§ **What is being asked**
What is needed is an exact repeat of the lines from the one holding "未来はず果てしないタフト17 10本 オーラルケア" through the final line of the data, with no pictures.

§ **Data segment**
::::::

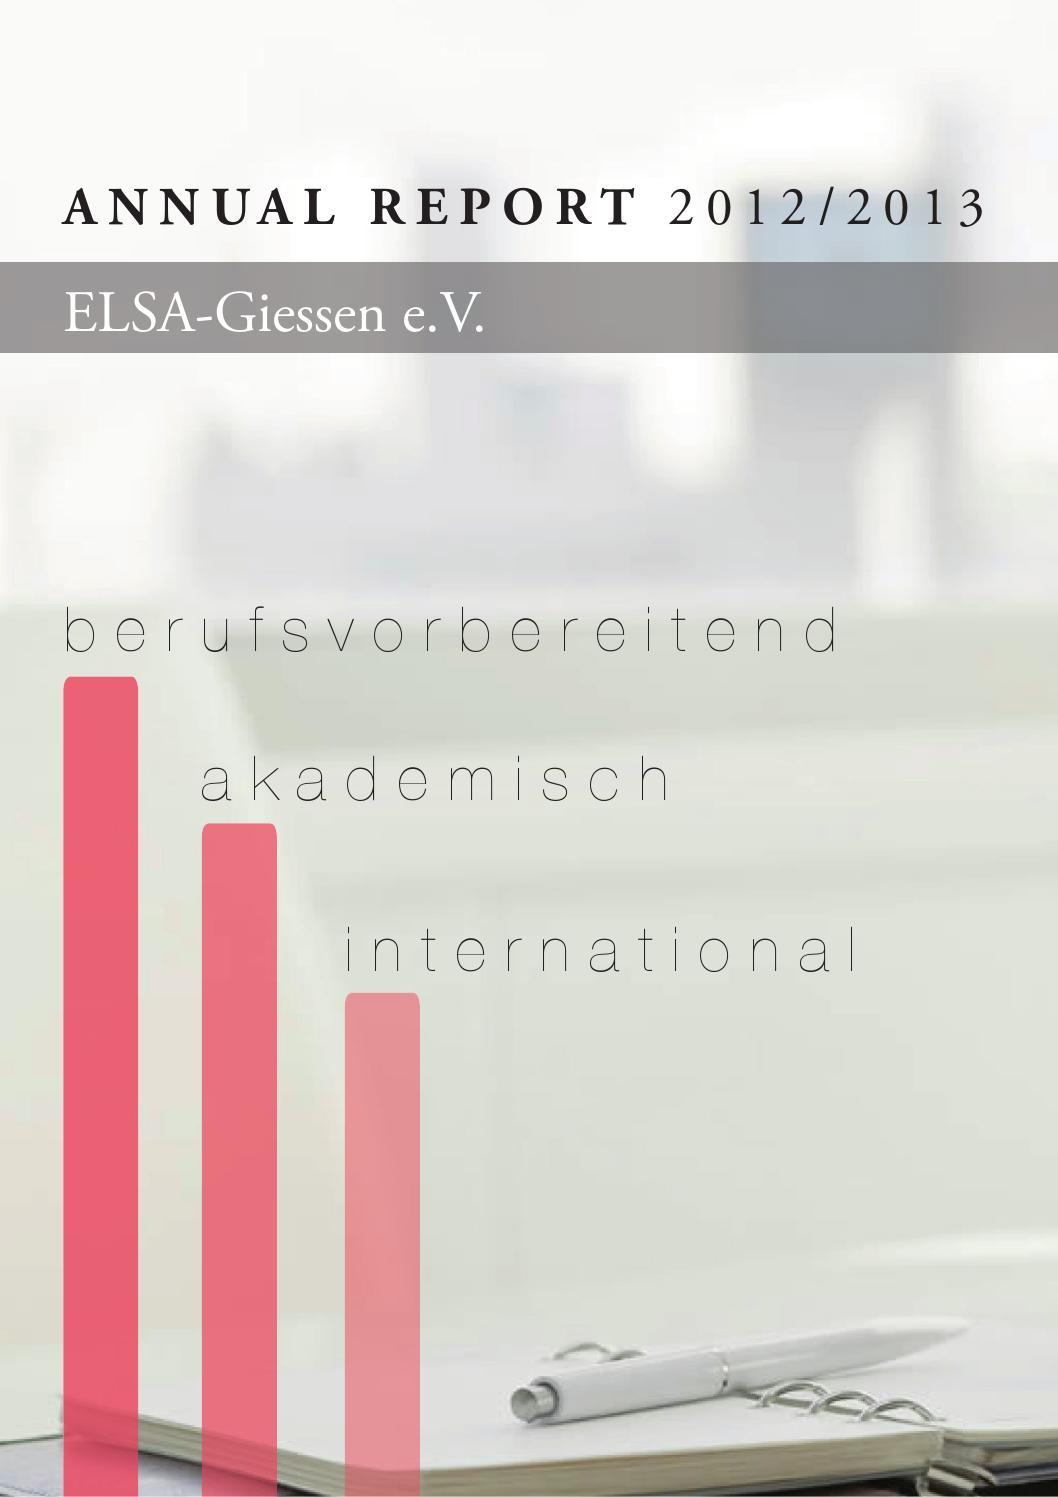 annual report of ELSA-Giessen e.V. 2012/2013 by ELSA-Giessen e.V. - issuu
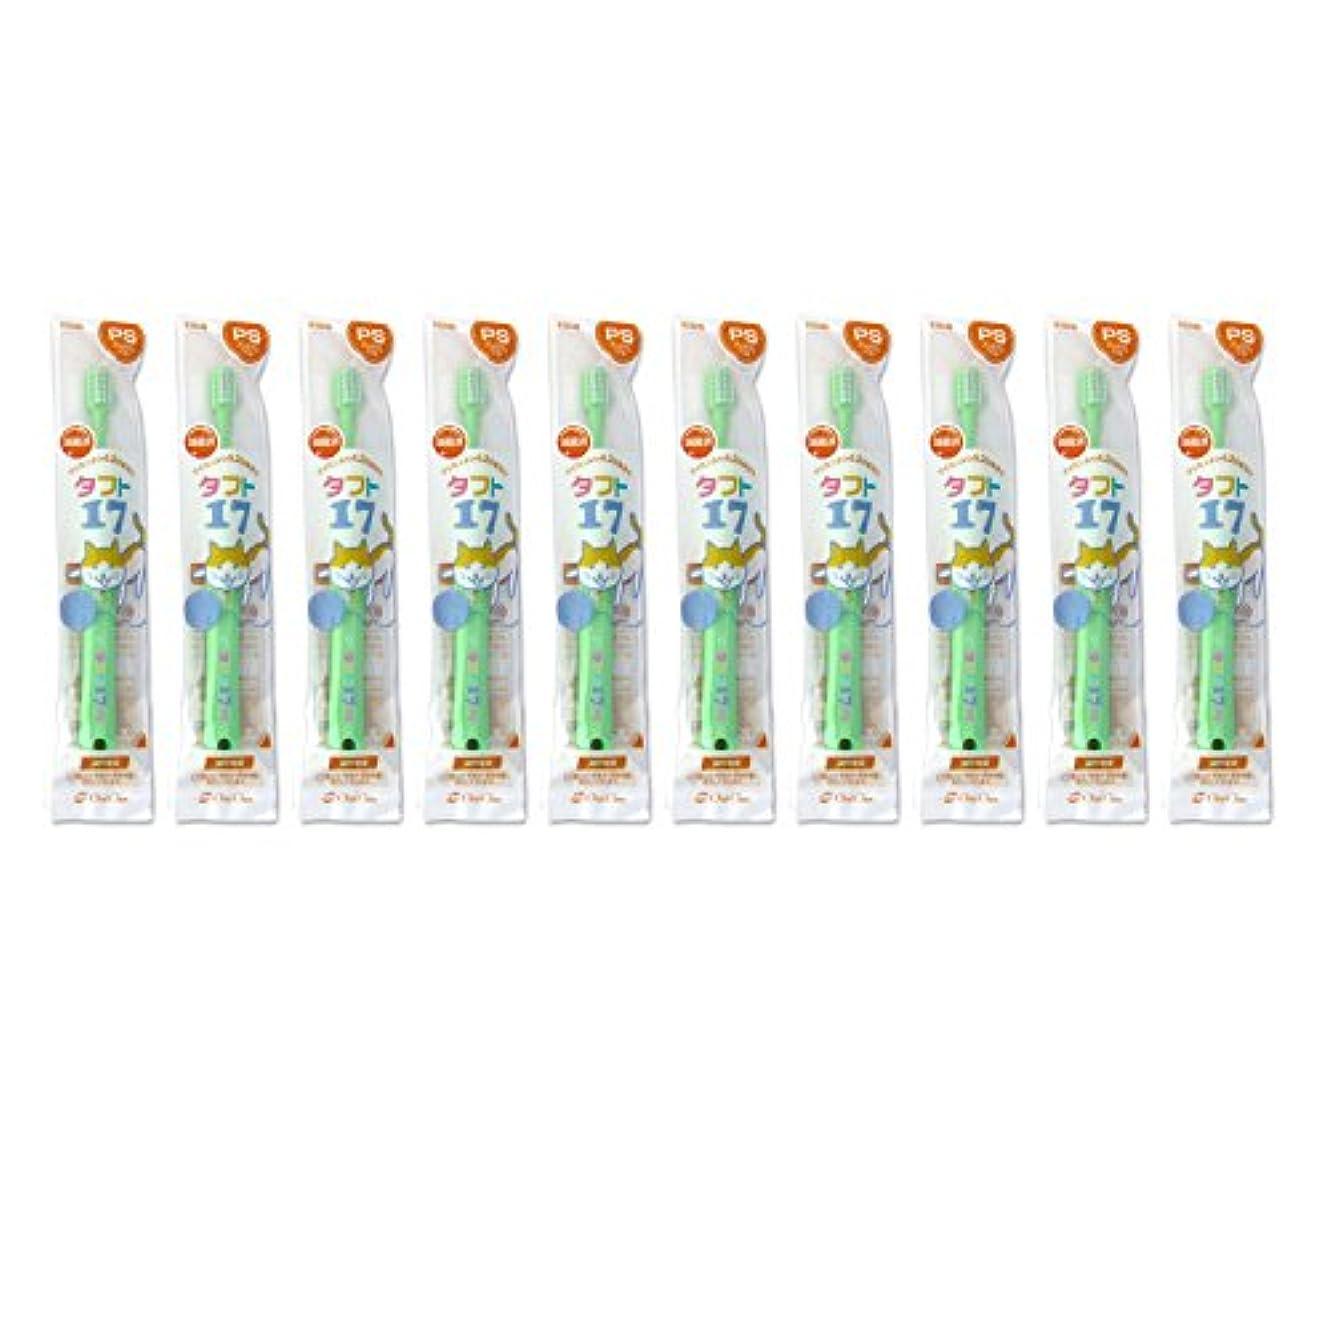 未来はず果てしないタフト17 10本 オーラルケア タフト17/プレミアムソフト 子供 タフト 乳歯列期(1~7歳)こども歯ブラシ 10本セット グリーン
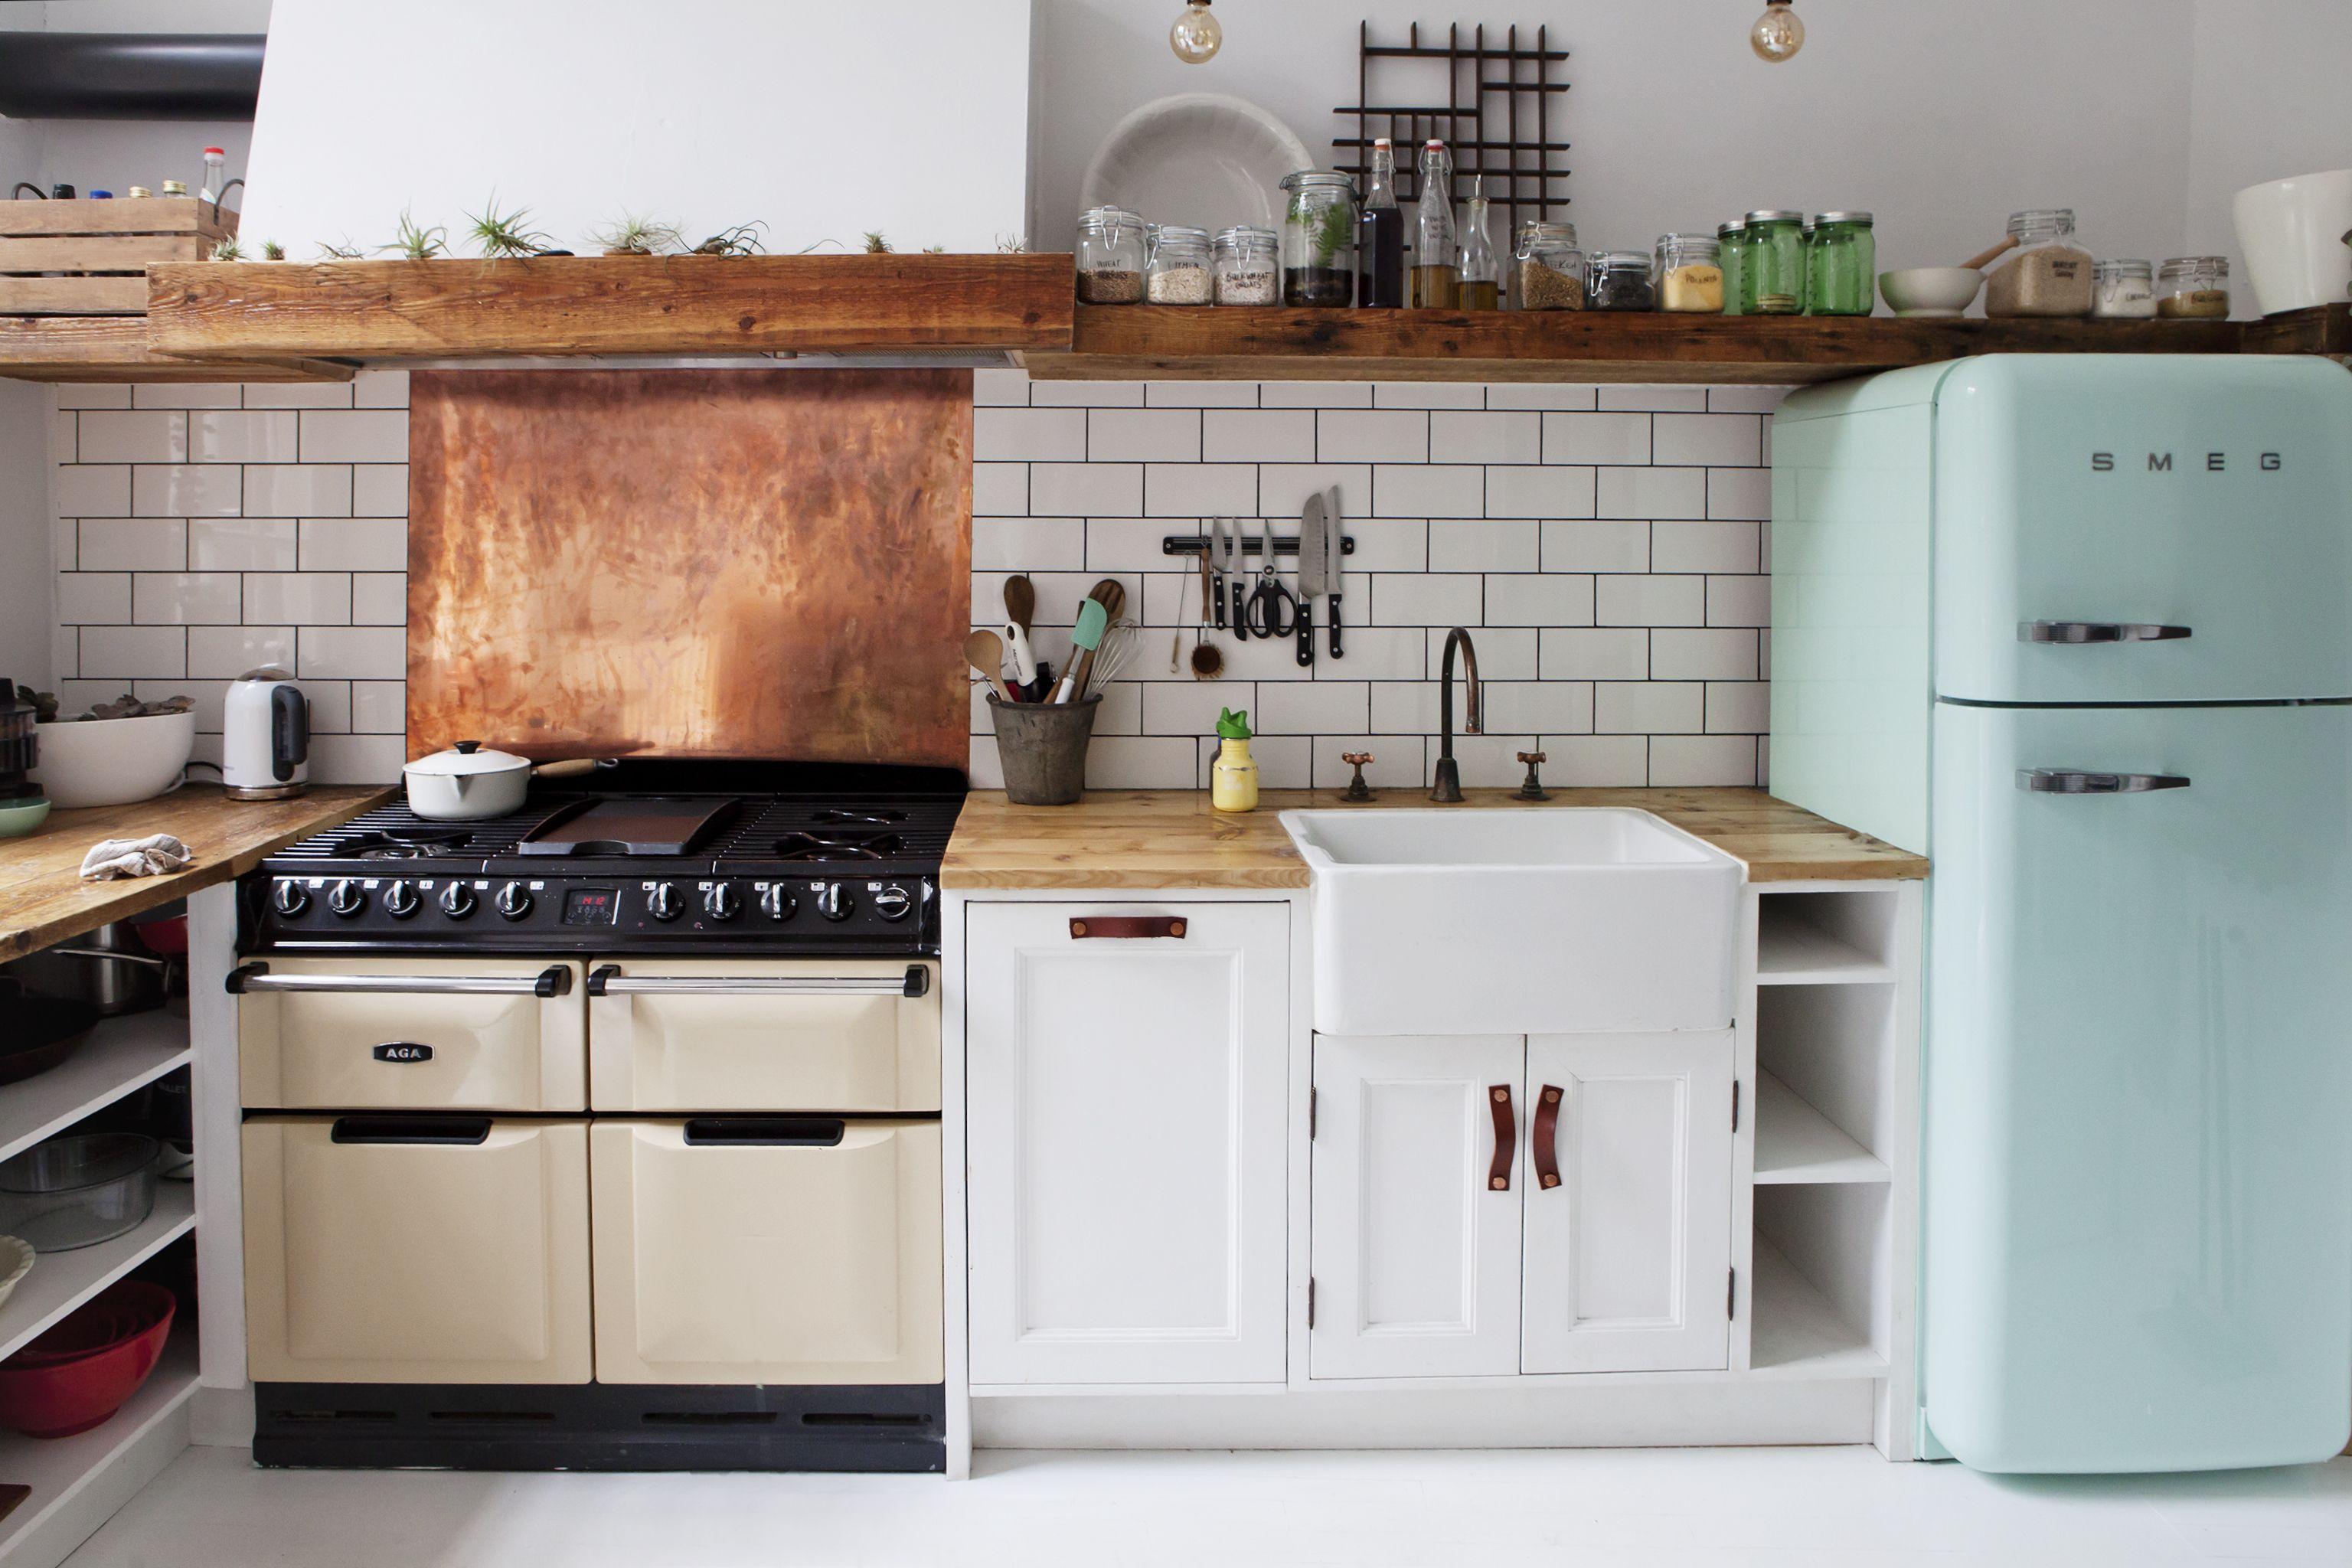 Smeg Kühlschrank Grün : Megabambi sieg kühlschrank mint grün küche

::::::

§ **Response below**
 未来はず果てしないタフト17 10本 オーラルケア タフト17/プレミアムソフト 子供 タフト 乳歯列期(1~7歳)こども歯ブラシ 10本セット グリーン
 Smeg Kühlschrank Grün : Megabambi sieg kühlschrank mint grün küche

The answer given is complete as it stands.